Solve a PDE over a region defined by a Bézier patch

You might create a NearestFunction to help pick the particular boundary you want. You can use it to mark the boundary elements of an ElementMesh (FEM).

plot = ParametricPlot[
   bezierfunc[ξ, η], {ξ, 0, 1}, {η, 0, 1}];

edges = Map[
   First@Cases[
      Normal@ParametricPlot[#, {t, 10^-5, 1 - 10^-5}, 
        PlotPoints -> 100], Line[p_] :> p, Infinity] &,
   {bezierfunc[t, 0],
    bezierfunc[1, t],
    bezierfunc[1 - t, 1],
    bezierfunc[0, 1 - t]
    }
   ];
markerRules = Join @@ Thread /@ Thread[edges -> Range[4]];
markernf = Nearest[markerRules];

plotregion = DiscretizeGraphics[plot];

mesh = ToElementMesh[
   plotregion,
   "BoundaryMarkerFunction" :> (First@*markernf@*Mean /@ # &)];
Show[
 mesh["Wireframe"], 
 mesh["Wireframe"["MeshElement" -> "BoundaryElements", 
   "MeshElementMarkerStyle" -> Red]],
 Frame -> True, FrameTicks -> All
 ]

Mathematica graphics

It's a little hard to see, but the η == 0 boundary elements have ElementMarker equal to 1.

sol = NDSolveValue[{D[u[x, y], x, x] + D[u[x, y], y, y] == -3, 
    DirichletCondition[u[x, y] == 0, ElementMarker == 1]}, 
   u, {x, y} ∈ mesh];
Plot3D[sol[x, y], {x, y} ∈ Ω]

Mathematica graphics


Here is another way, which is more straightforward than my other answer. At first, I got stumped by couple of things, including, it turns out, a Bug in ArcLength?, and I didn't have time to explore the issues.

Instead of using a "BoundaryMarkerFunction" we can list the markers directly in LineElement[elements, markers]. We can make a fairly general function that create a boundary mesh from a list of edges, marking each edge in turn by its index in the list. The edges are specified by a list of points representing a polygonal path that is part of the boundary of the region.

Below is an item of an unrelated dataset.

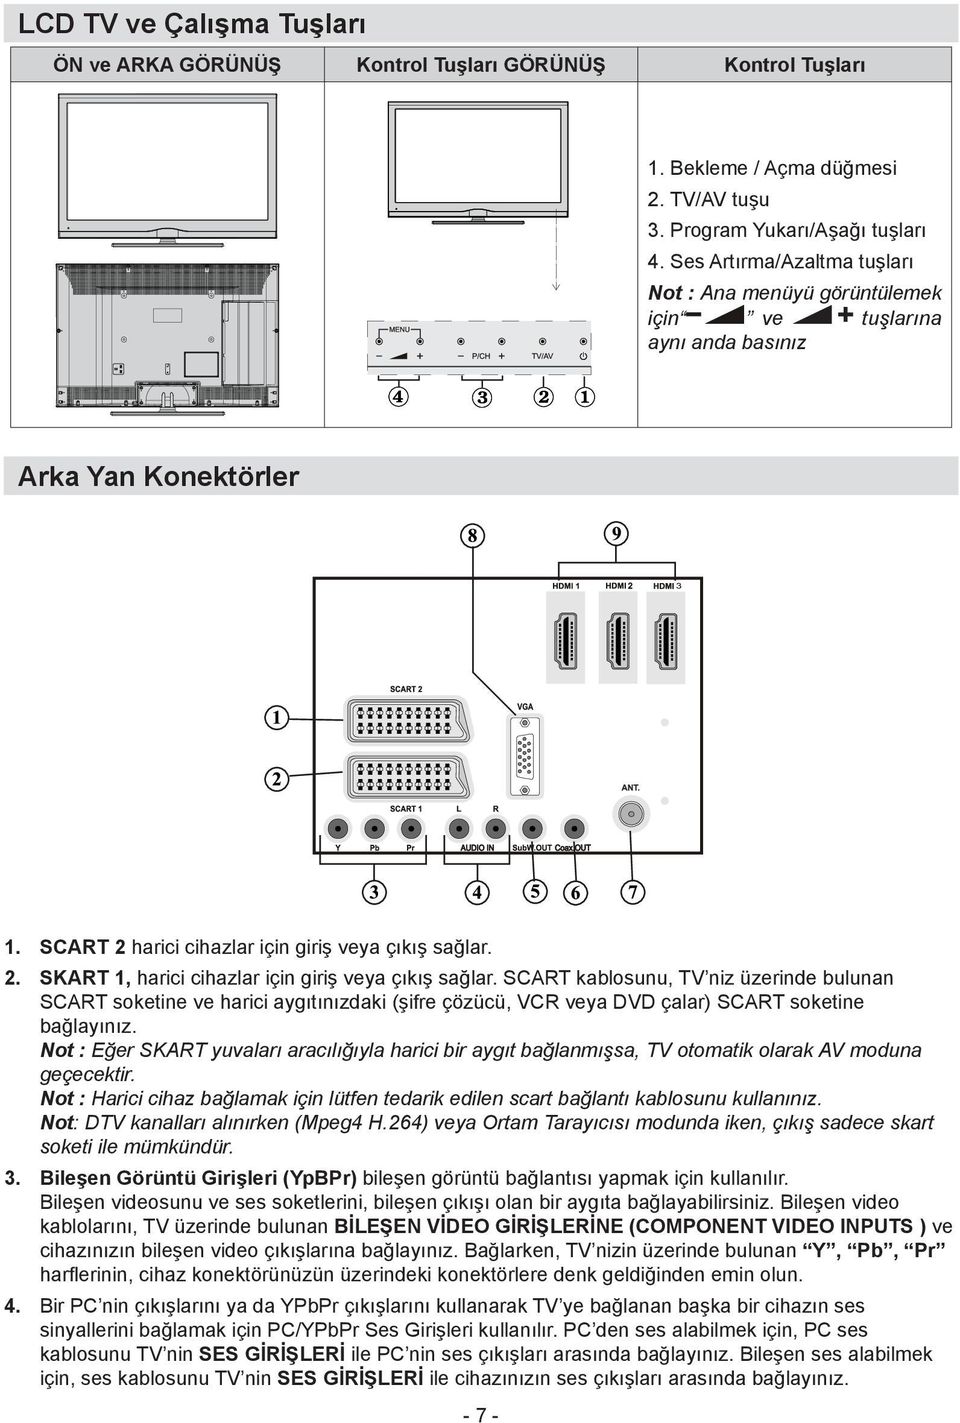 SCART kablosunu, TV niz üzerinde bulunan SCART soketine ve harici aygıtınızdaki (şifre çözücü, VCR veya DVD çalar) SCART soketine bağlayınız.

edgesToBoundaryMesh[edges_, opts : OptionsPattern[ToBoundaryMesh]] := 
 With[{lengths = Length /@ edges, bcoords = Join @@ Most /@ edges},
  ToBoundaryMesh[
   "Coordinates" -> bcoords,
   "BoundaryElements" -> {LineElement[
      Partition[Range@Length[bcoords], 2, 1, 1],
      Flatten[MapIndexed[ConstantArray[#2, #1] &, lengths - 1]]]},
   opts
   ]]

Given a list of parametrizations defining the edges, such as

{bezierfunc[#, 0] &, bezierfunc[1, #] &, bezierfunc[1 - #, 1] &, bezierfunc[0, 1 - #] &}

it would be nice to have a function that creates a discretization of the edges. This can be done with ParametricPlot as the OP shows in the question.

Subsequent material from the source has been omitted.